Research Paper — Host anisotropy controls emitter orientation in OLEDs

Graphic promoting OLED research showing a paper on host anisotropy improving emitter orientation and light outcoupling, with Setfos simulation visuals and Universität Augsburg affiliation on a yellow background.

Want to hack OLED efficiency without redesigning the emitter? Just make the host lie flatter. This work reveals that the optical anisotropy of cohost materials—specifically their birefringence and nematic order—directly imprints onto phosphorescent Ir emitter orientation via anisotropic London dispersion forces, turning host engineering into a powerful alignment lever.

In this Advanced Optical Materials study, Bình‐Minh Nguyễn, Wolfgang Brütting and colleagues dope a single cage-like yellow Ir(ppy)₃-derived emitter into 25 cohost mixtures and measure emitter transition dipole moment orientation via angular dependent PL with ellipsometry-determined host anisotropy.

The key result: Cohosts with negative birefringence/negative nematic order parameter (lying molecules) drive the emitter's orientation parameter down to θ ≈ 0.11–0.12 from ~0.20, rivaling the best phosphorescent systems.

Setfos simulations predict substantial EQE gains from better emitter alignment, but experiments show only modest improvement (~1–2% absolute) because host birefringence redirects light into trapped modes and e/h cohost ratios shift the emission zone—revealing host anisotropy as a double-edged sword for light outcoupling.
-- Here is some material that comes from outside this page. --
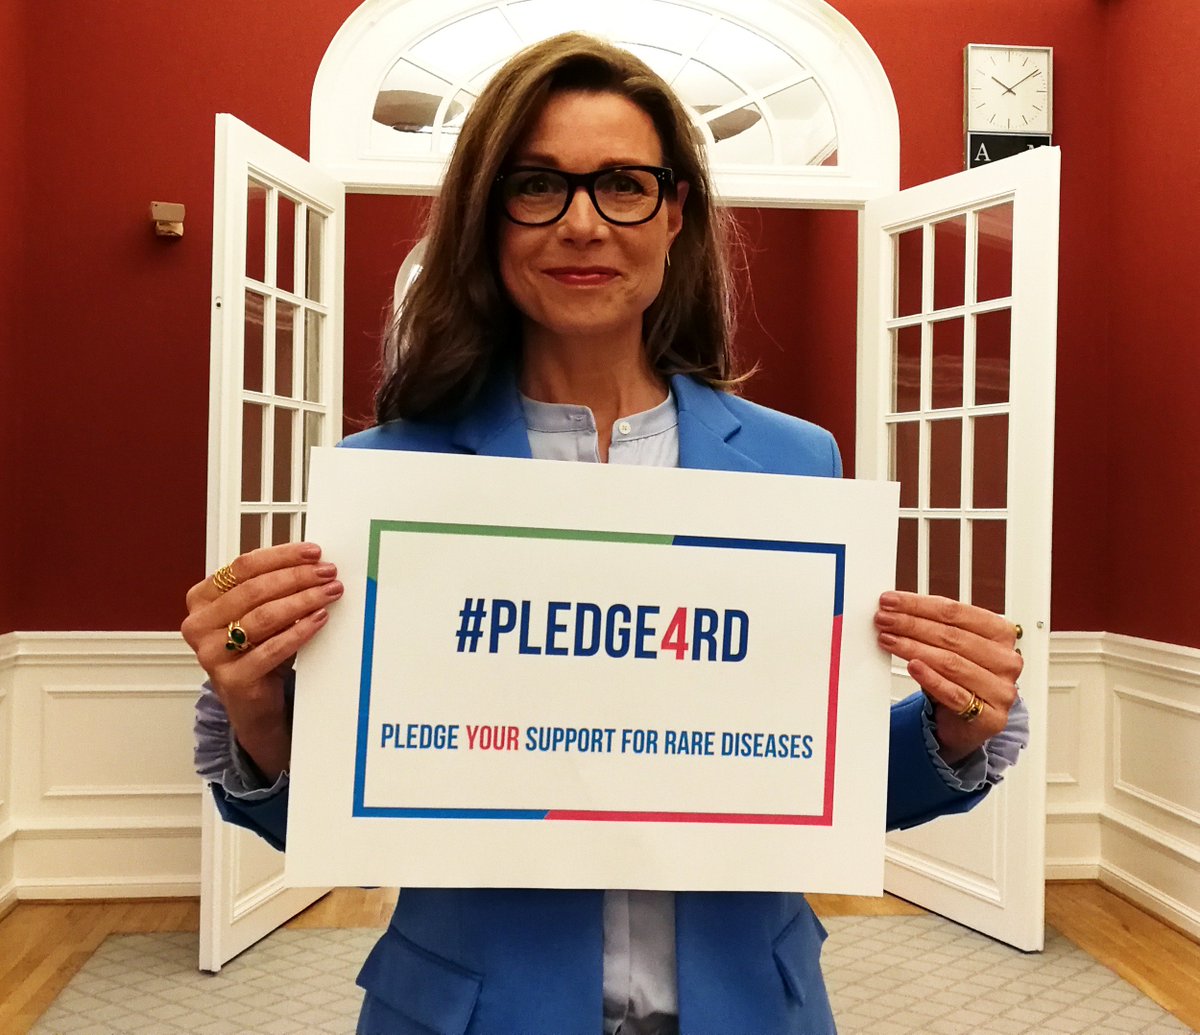 Photo from #pledge4rd on Twitter on Lene_Jensen_DK at 5/13/19 at 11:53AM
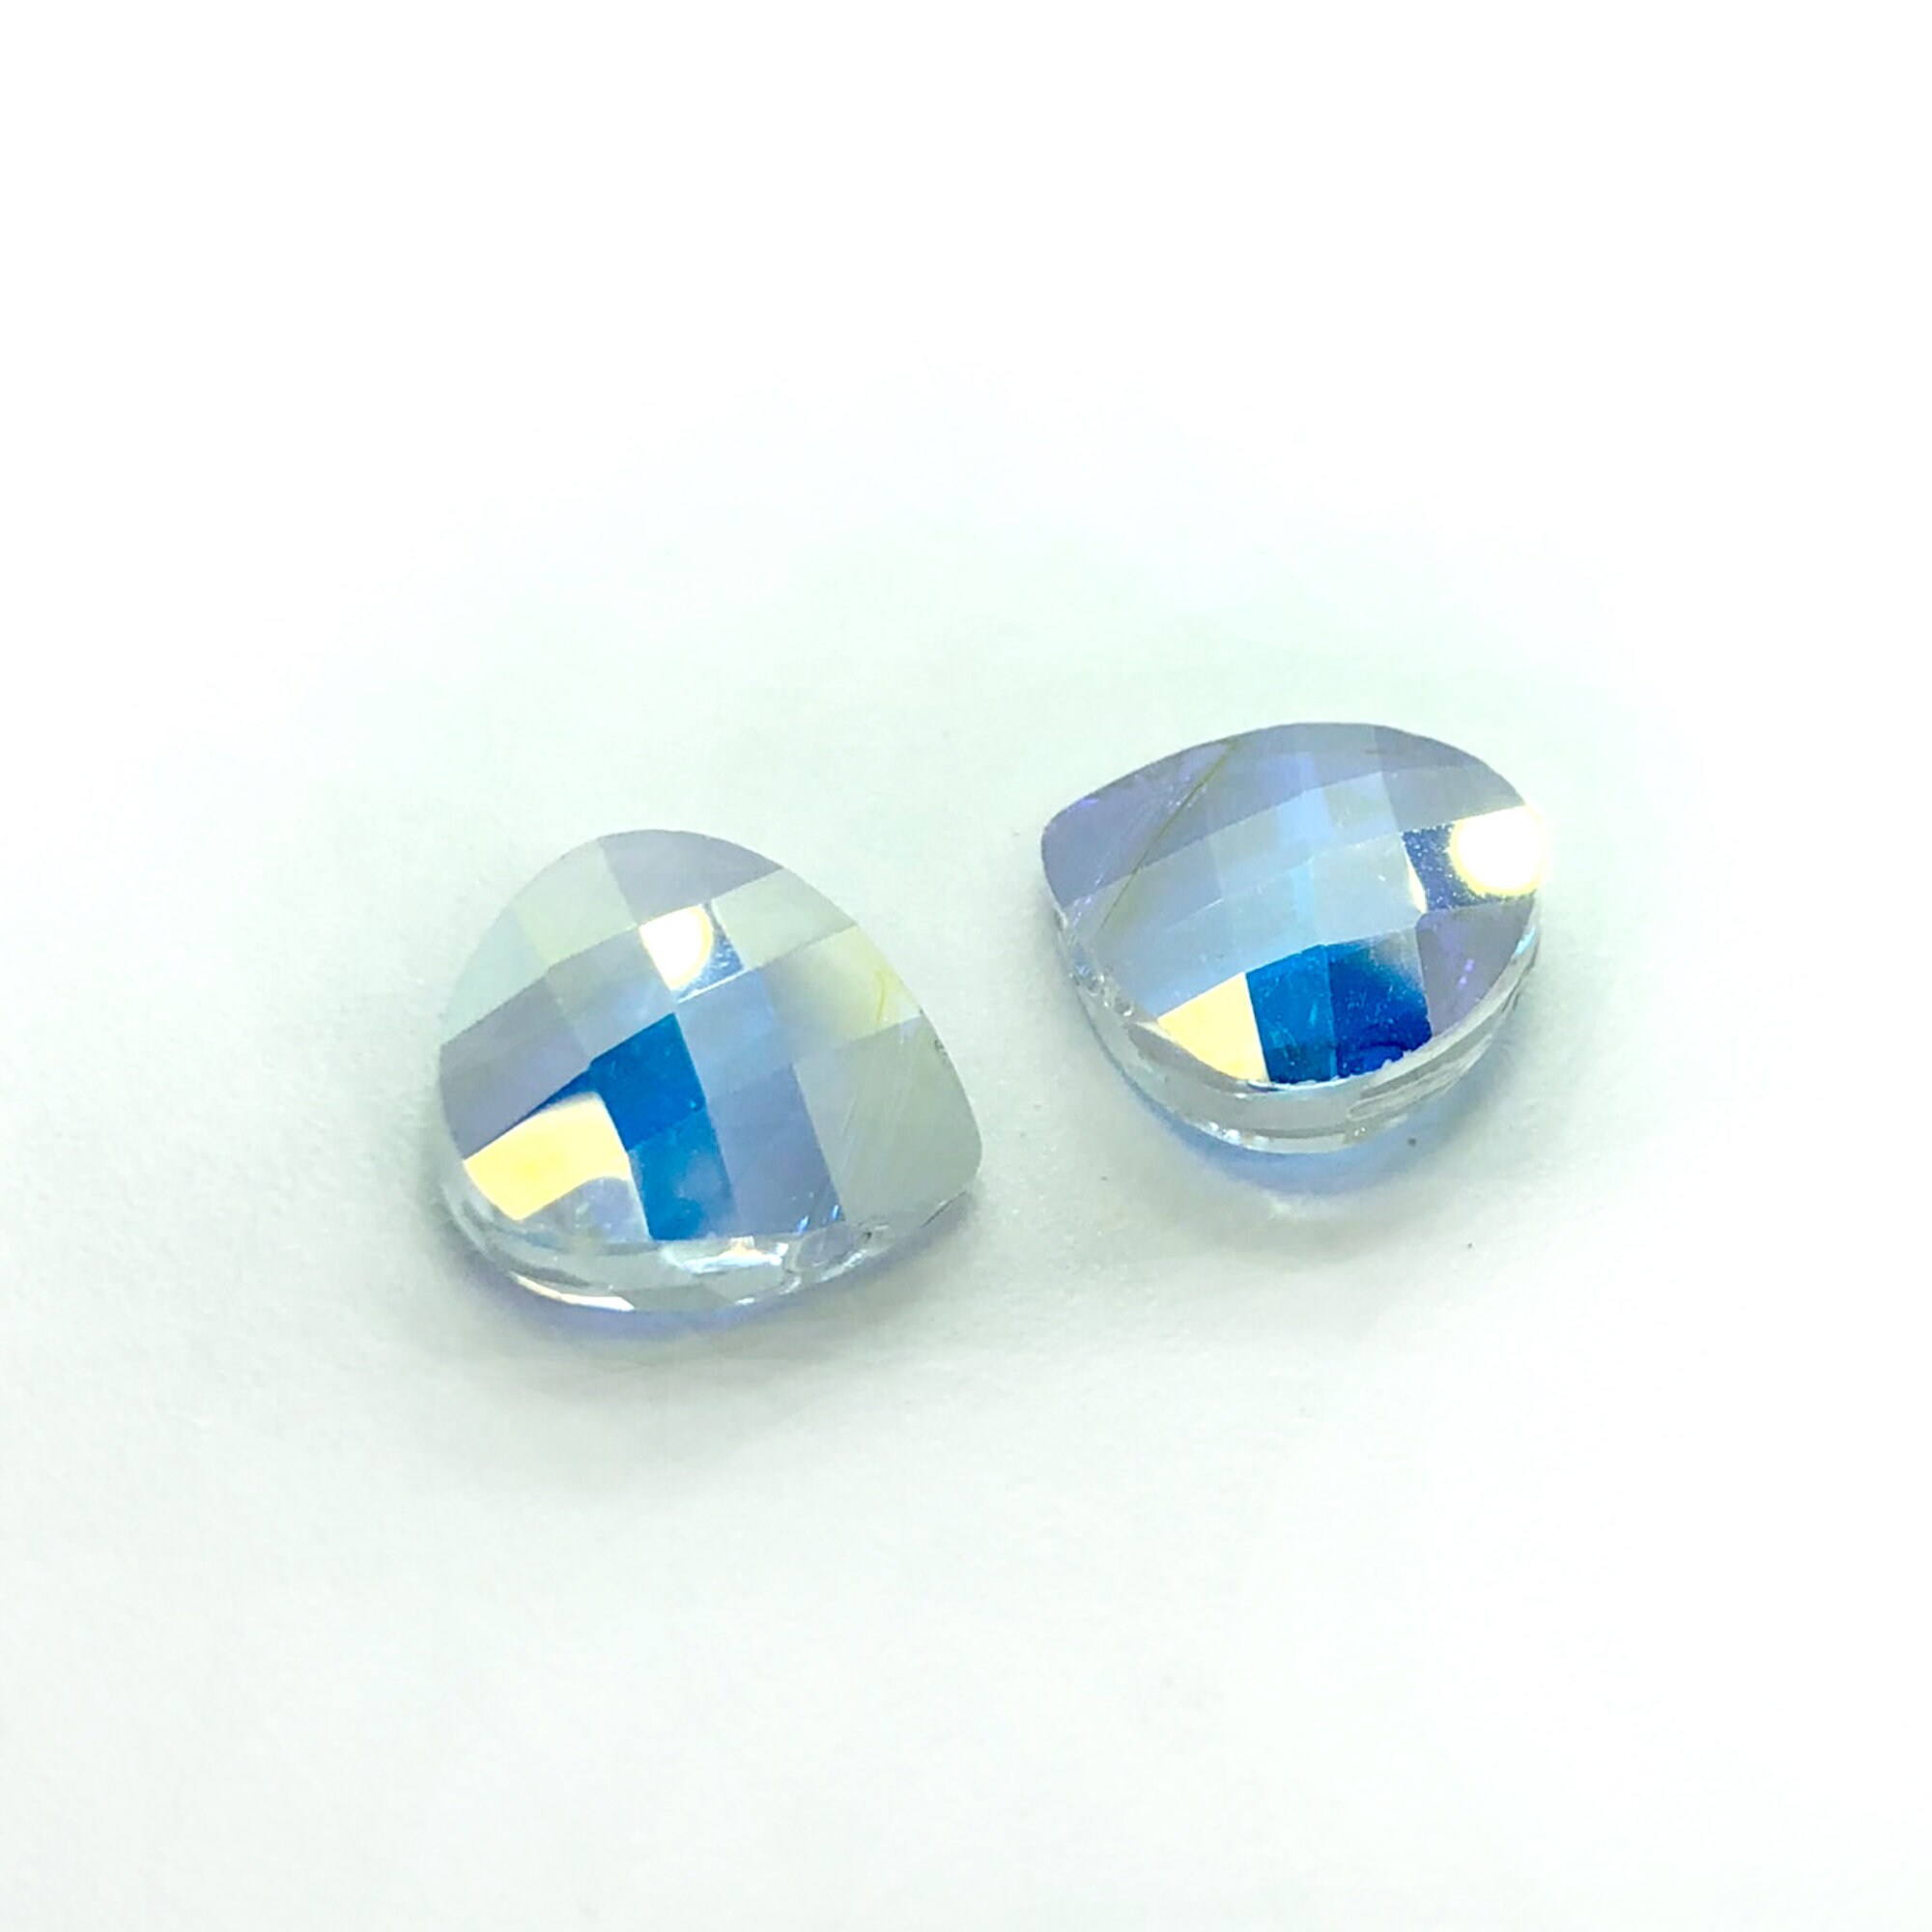 12pc Swarovski Crystal Light Siam AB Geometric Shape 5011 Beads; Vintage

Simulations of birefringent stacks confirm layer anisotropy can swing outcoupling efficiency by ~9–14% at fixed emitter orientation, validating the core insight: optimal OLED design must jointly tune host alignment, emission-zone position, and birefringence across the full stack.

Publication details

Authors: Bình-Minh Nguyễn et al.
Journal: Advanced Optical Materials
Year: 2026
DOI: 10.1002/adom.202600002

Fluxim tools used

  • Phelos – angular-dependent photoluminescence for dipole orientation

  • Setfos – optical simulation and outcoupling analysis

Why it matters

  • Enables controlled tuning of emitter orientation via host design

  • Shows limits of orientation-driven EQE improvements

  • Highlights need to co-optimise optics, transport, and recombination zone

Keywords

OLED, emitter orientation, transition dipole moment, birefringence, optical anisotropy, light outcoupling, phosphorescent emitters, host materials, guest-host systems, ADPL, wave-optical simulation, EQE, recombination zone, dispersion interactions, thin films

FAQs

Q1: Why is horizontal dipole orientation important?
It increases the fraction of light that escapes the device instead of being trapped in waveguided modes.

Q2: Does better orientation always improve OLED efficiency?
No. Host birefringence can increase optical losses, reducing the net benefit.

Q3: How can this be measured and modelled?
Using ADPL measurements (Phelos) and optical simulations (Setfos) to link material properties with device performance.